Filter rows of a dataframe based on certain conditions in pandas - python-3.x

While I was handling the dataframe in pandas, got some unexpected cells which consists values like-
E_no
E_name
6654-0984
Elvin-Johnson
430
Fred
663/547/900
Banty/Shon/Crio
87
Arif
546
Zerin
322,76
Chris,Deory
In some rows, more than one E_name and E_no has been assigned which is supposed to be a single employee in each and every cell
My data consists of E_no and E_name both these column needs to be separated in different rows.
What I want is
E_no
E_name
6654
ELvin
0984
Johnson
430
Fred
663
Banty
547
Shon
900
Crio
87
Arif
546
Zerin
322
Chris
76
Deory
Seperate those values and put in different rows.
Please help me in doing this so that I can proceed further, and it will be really helpful if someone can mention the logic , how to think for this prblm.
Thanks in advance.
Let me know if ur facing any kind of difficulty in understanding the prblm

Similar to Divyaansh's solution.
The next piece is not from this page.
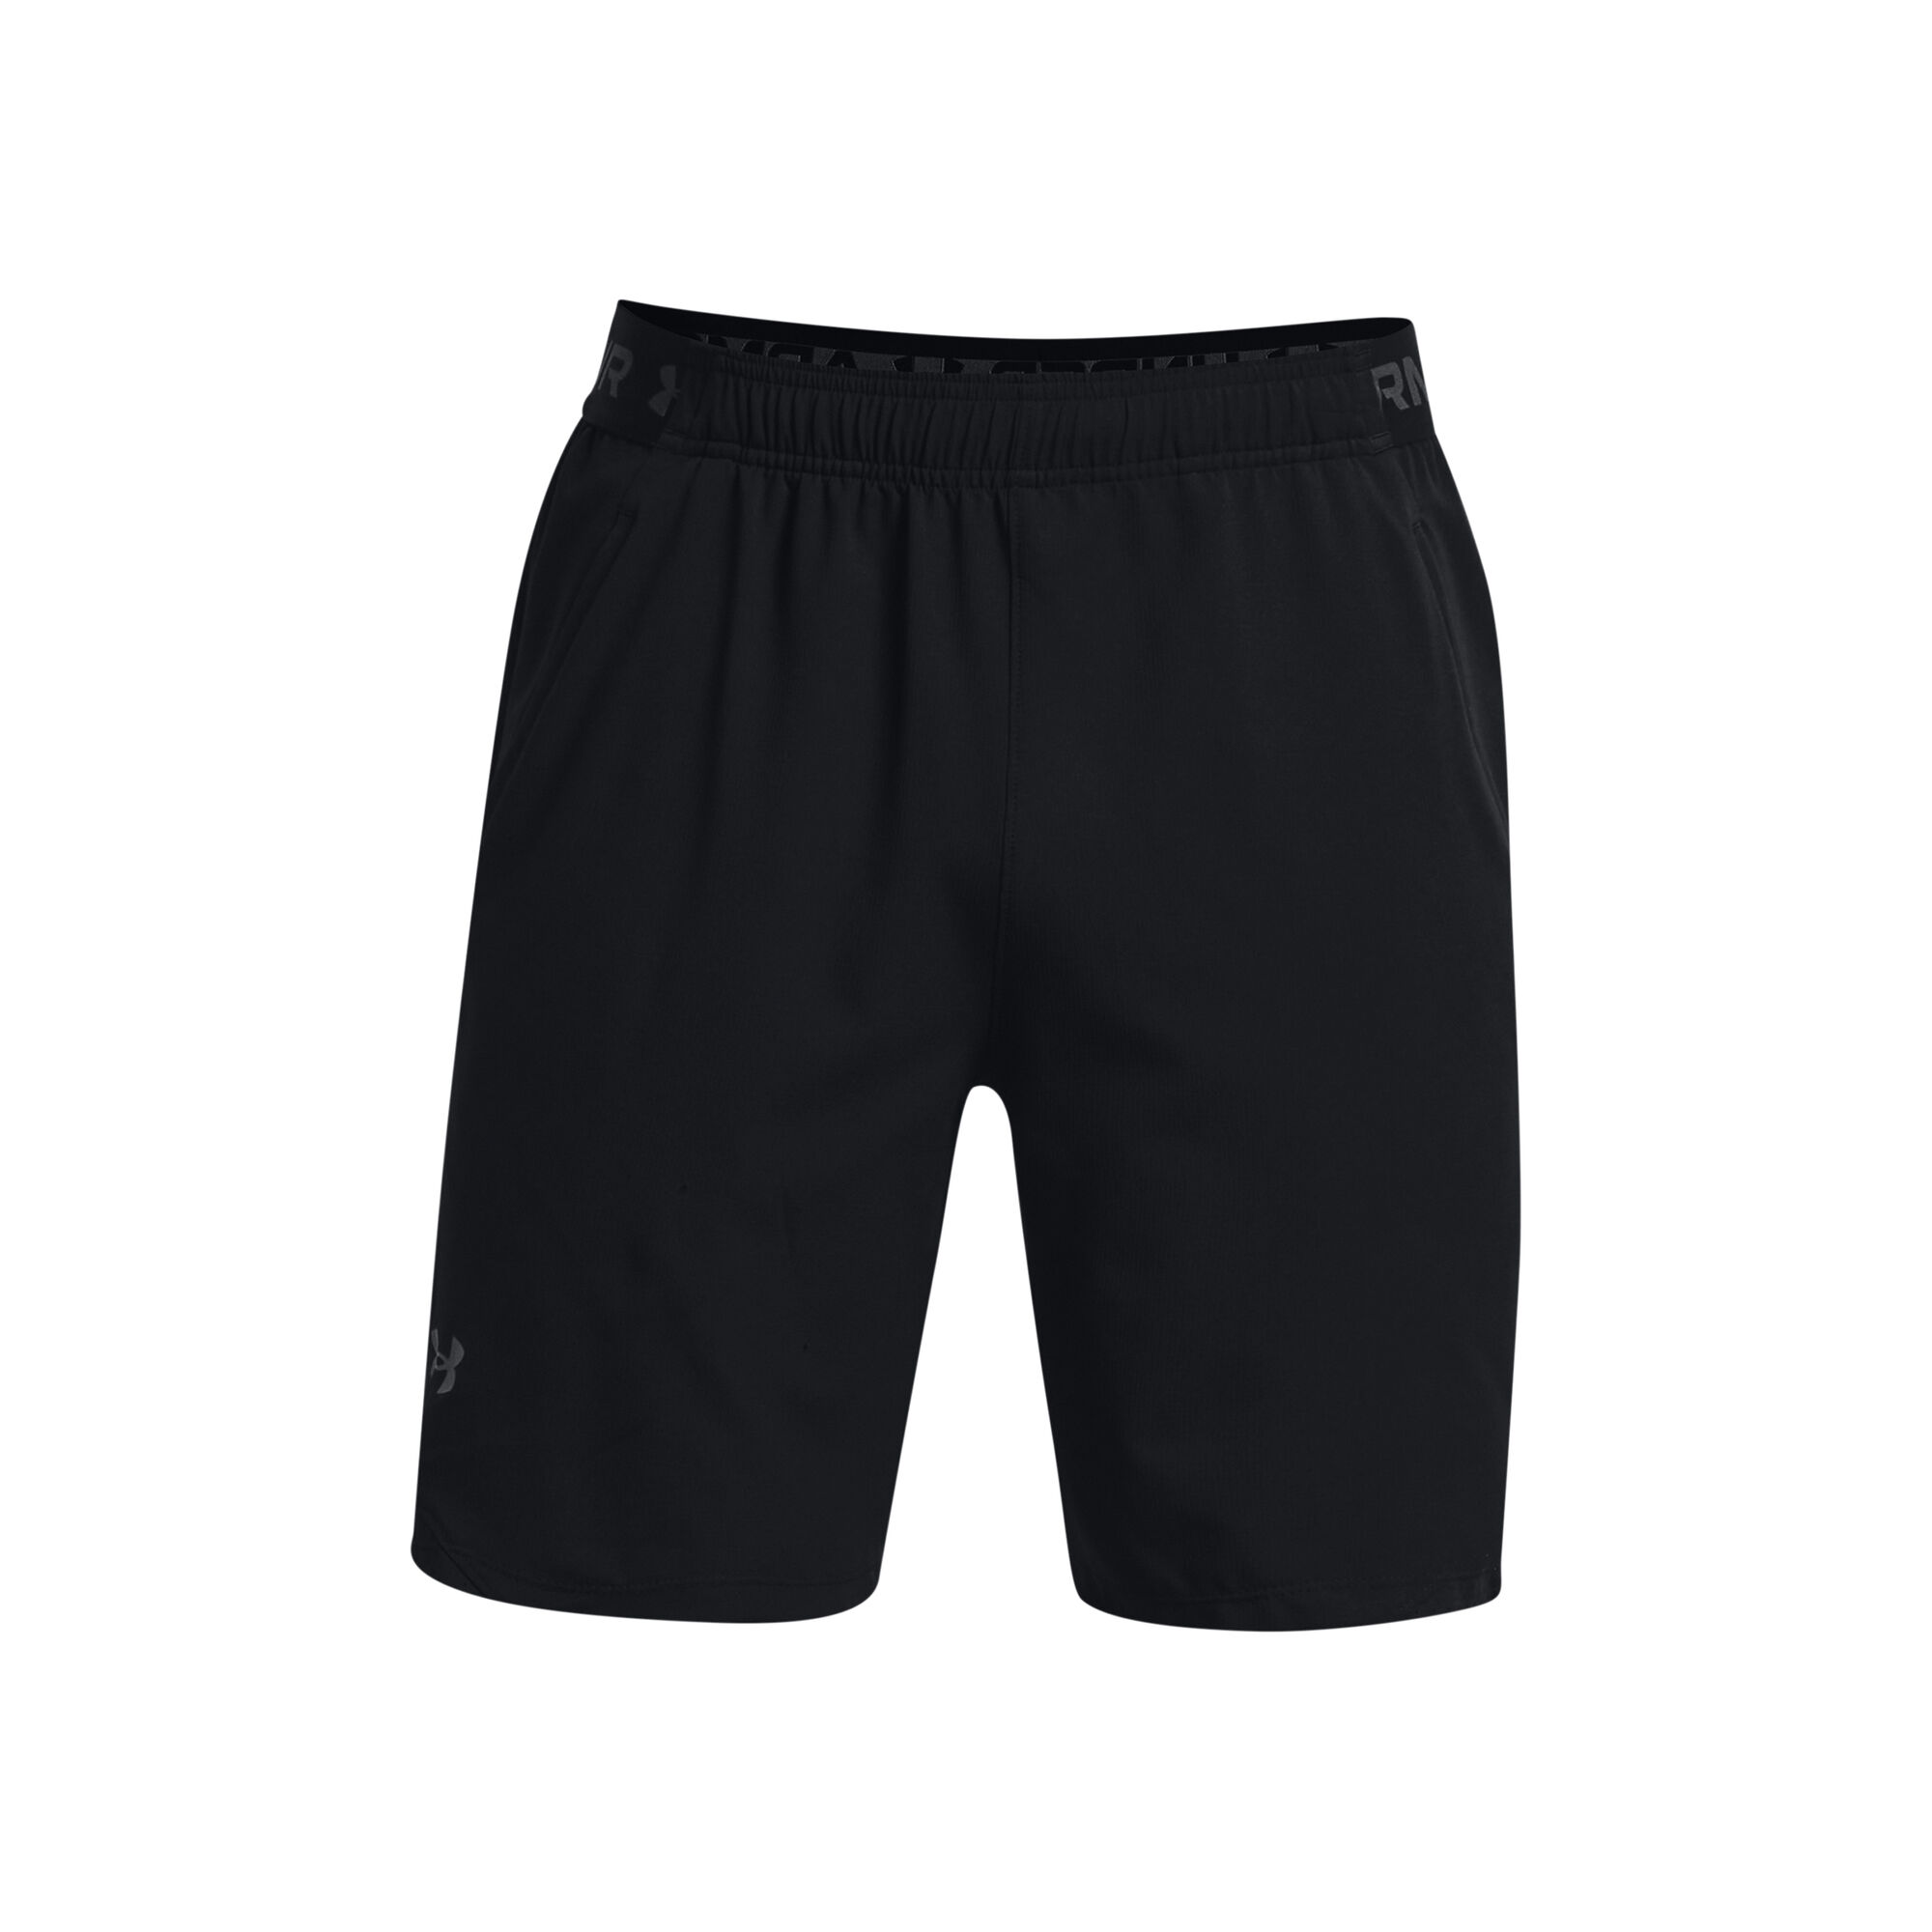 Buy Under Armour Vanish Woven Shorts Men Black online | Tennis Point COM

Just use split, explode and merge.
import pandas as pd
df = pd.DataFrame({'E_no':['6654-0984','430','663/547/900','87','546', '322,76'],
'E_name':['Elvin-Johnson','Fred','Banty/Shon/Crio','Arif','Zerin','Chris,Deory']})
#explode each column
x = df['E_no'].str.split('[,-/]').explode().reset_index(drop=True)
y = df['E_name'].str.split('[,-/]').explode().reset_index(drop=True)
#Merge both the columns together
df2 = pd.merge(x,y,left_index=True,right_index=True)
#print the modified dataframe
print (df2)
Output of this will be:
Original Dataframe:
E_no E_name
0 6654-0984 Elvin-Johnson
1 430 Fred
2 663/547/900 Banty/Shon/Crio
3 87 Arif
4 546 Zerin
5 322,76 Chris,Deory
Modified Dataframe:
E_no E_name
0 6654 Elvin
1 0984 Johnson
2 430 Fred
3 663 Banty
4 547 Shon
5 900 Crio
6 87 Arif
7 546 Zerin
8 322 Chris
9 76 Deory
Alternate, you can also create a new dataframe with the values from x and y.
x = df['E_no'].str.split('[,-/]').explode().reset_index(drop=True)
y = df['E_name'].str.split('[,-/]').explode().reset_index(drop=True)
#Create a new dataframe with the new values from x and y
df3 = pd.DataFrame({'E_no':x,'E_name':y})
print (df3)
Same result as before.
Or this:
#explode each column
x = df['E_no'].str.split('[,-/]').explode().reset_index()
y = df['E_name'].str.split('[,-/]').explode().reset_index()
#Create a new dataframe with the new values from x and y
df3 = pd.DataFrame({'E_no':x['E_no'],'E_name':y['E_name']})
print (df3)
Or you can do:
#explode each column
x = df['E_no'].str.split('[,-/]').explode().reset_index(drop=True)
y = df['E_name'].str.split('[,-/]').explode().reset_index(drop=True)
df4 = pd.DataFrame([x,y]).T
print (df4)

Split, flatten, recombine, rename:
a = [item for sublist in df.E_no.str.split('\W').tolist() for item in sublist]
b = [item for sublist in df.E_name.str.split('\W').tolist() for item in sublist]
df2 = pd.DataFrame(list(zip(a, b)), columns=df.columns)
Output:
E_no E_name
0 6654 Elvin
1 0984 Johnson
2 430 Fred
3 663 Banty
4 547 Shon
5 900 Crio
6 87 Arif
7 546 Zerin
8 322 Chris
9 76 Deory

You should provide multiple delimiter in the read_csv arguments.
pd.read_csv("filepath",sep='-|/|,| ')
This is the best I can help right now without the data tables.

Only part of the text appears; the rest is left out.